* Work request: In the listing below, locate the line with "Product image from" and the line with "Isabella Hurtado, de", then output both and everything between them exactly, minus any pictures.

[Data shown — start]

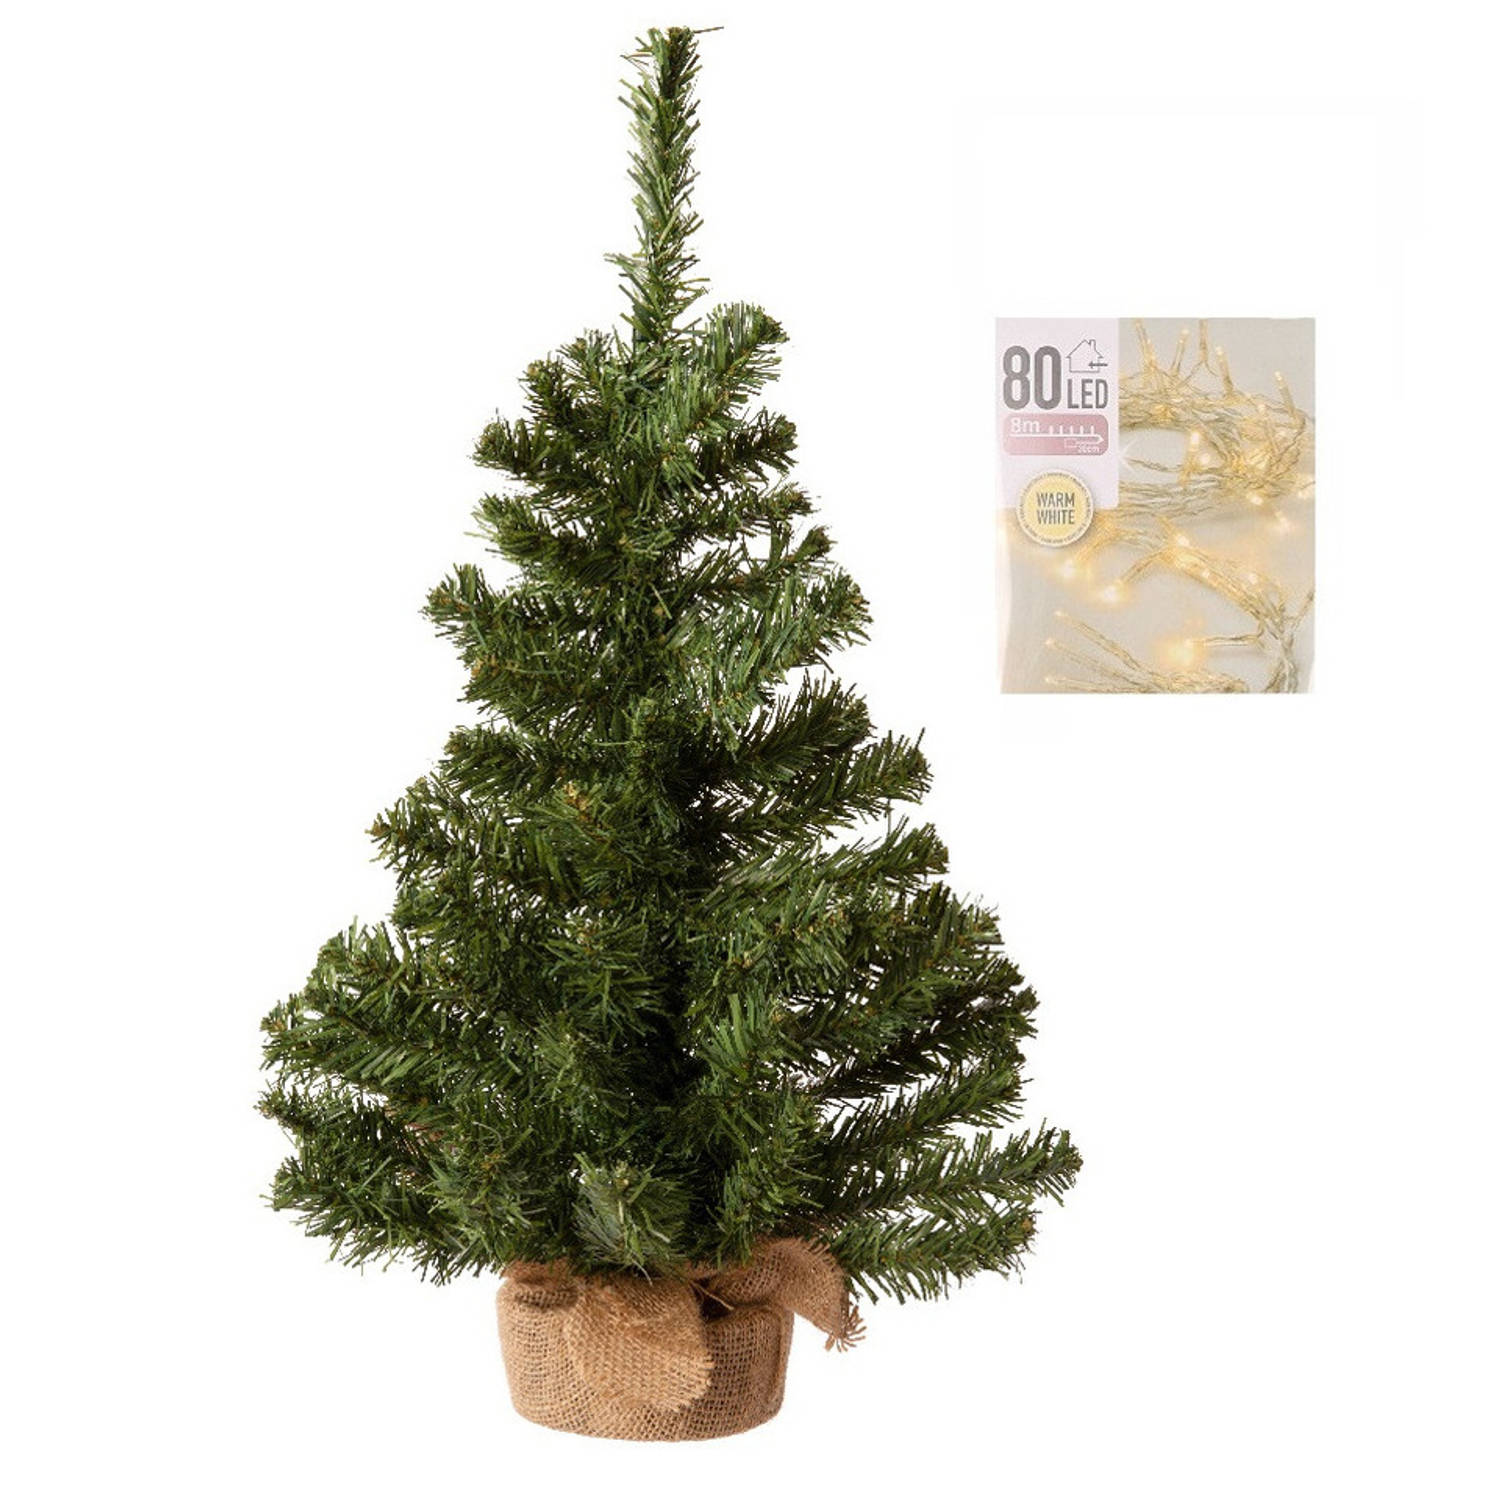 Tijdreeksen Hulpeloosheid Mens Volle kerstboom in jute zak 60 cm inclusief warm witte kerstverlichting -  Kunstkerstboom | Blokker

[Data shown — finish]
[Data shown — start]

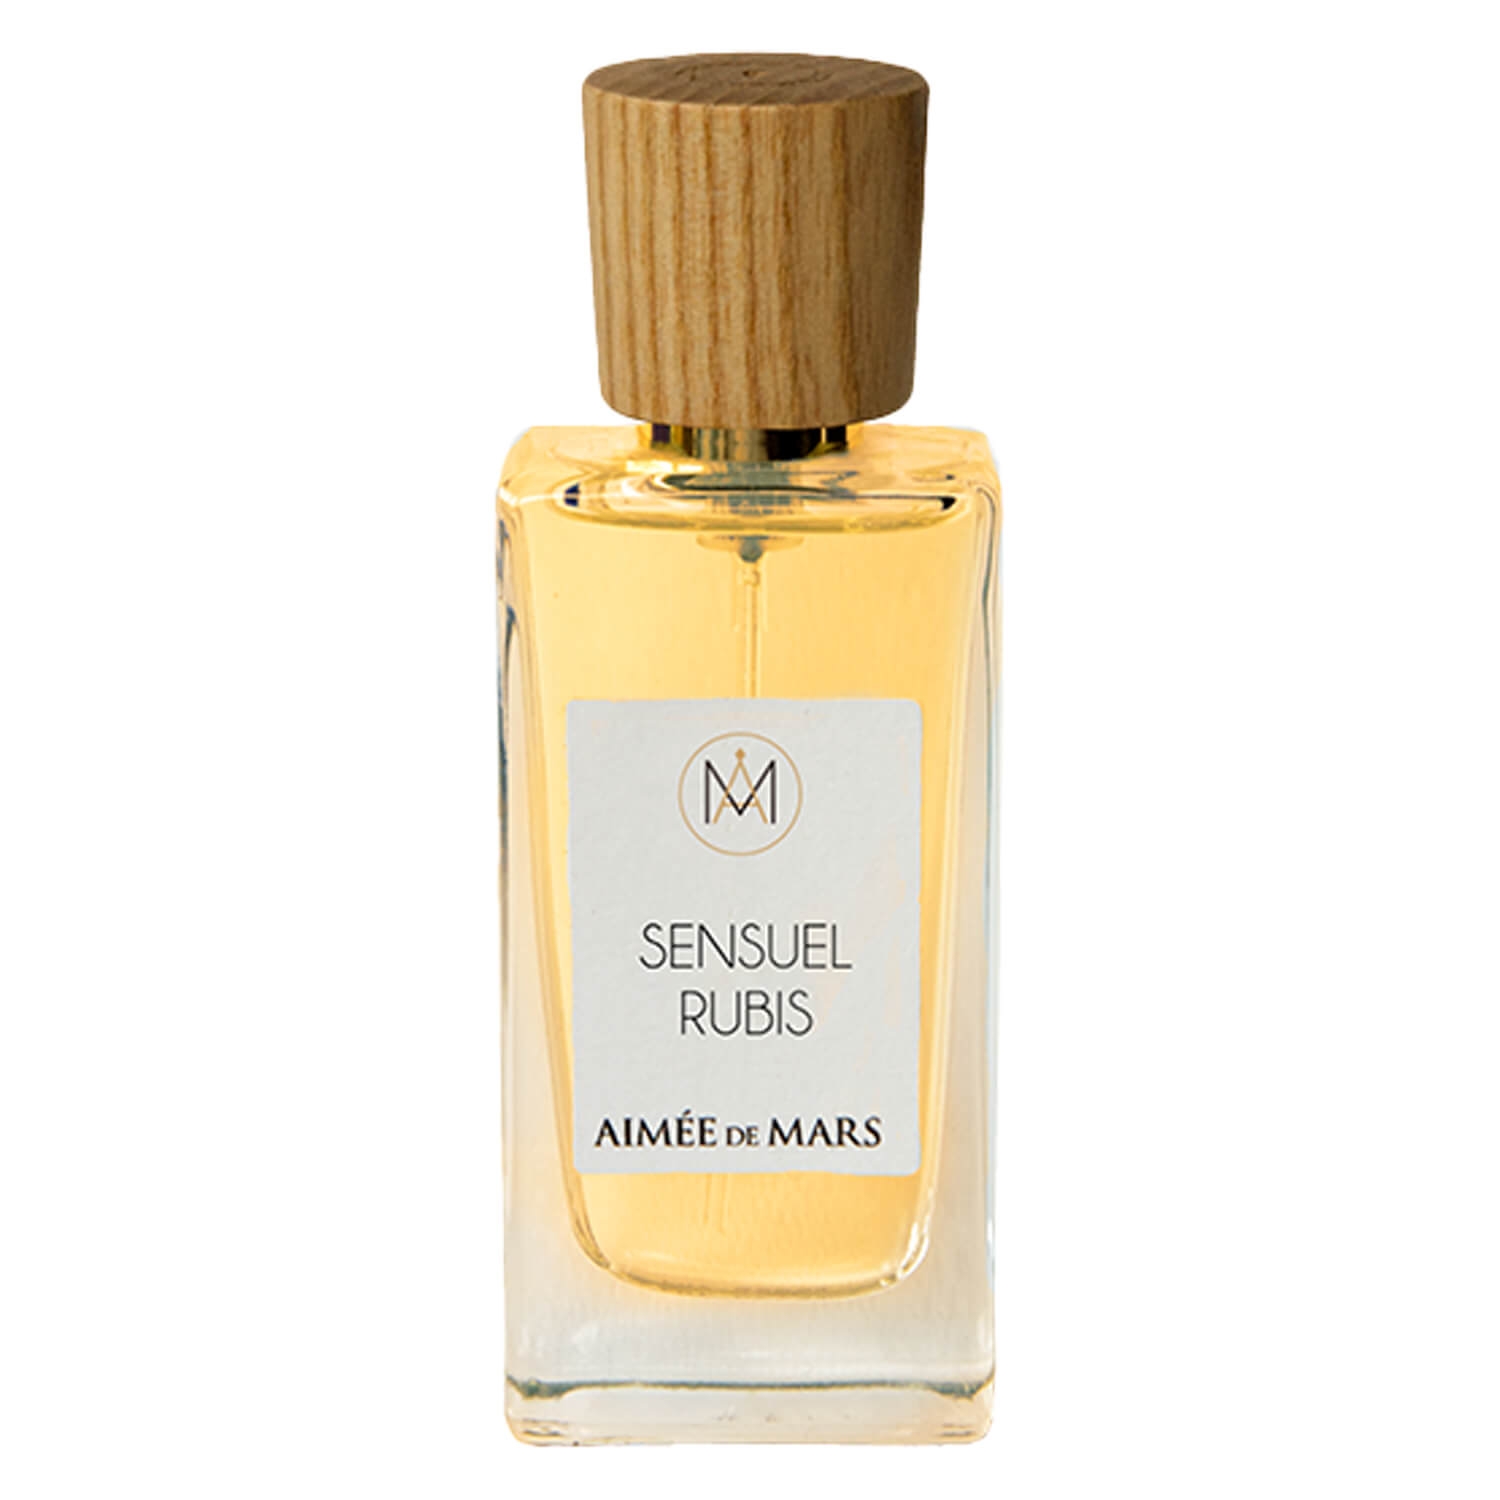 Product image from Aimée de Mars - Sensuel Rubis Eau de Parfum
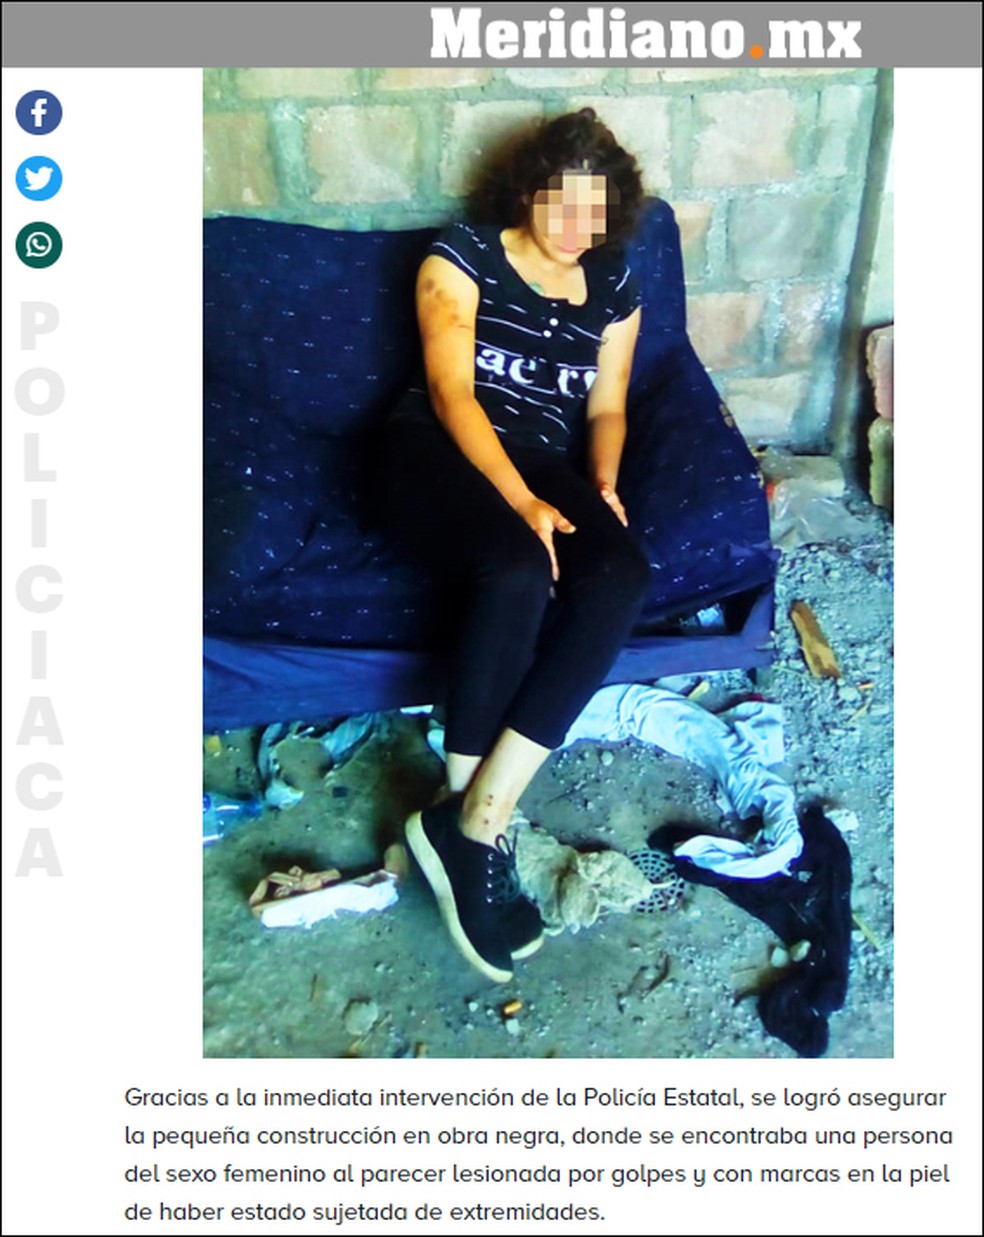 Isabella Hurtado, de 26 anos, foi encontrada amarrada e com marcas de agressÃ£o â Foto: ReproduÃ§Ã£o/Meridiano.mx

[Data shown — finish]

* Response box:
 Product image from Aimée de Mars - Sensuel Rubis Eau de Parfum
 Isabella Hurtado, de 26 anos, foi encontrada amarrada e com marcas de agressÃ£o â Foto: ReproduÃ§Ã£o/Meridiano.mx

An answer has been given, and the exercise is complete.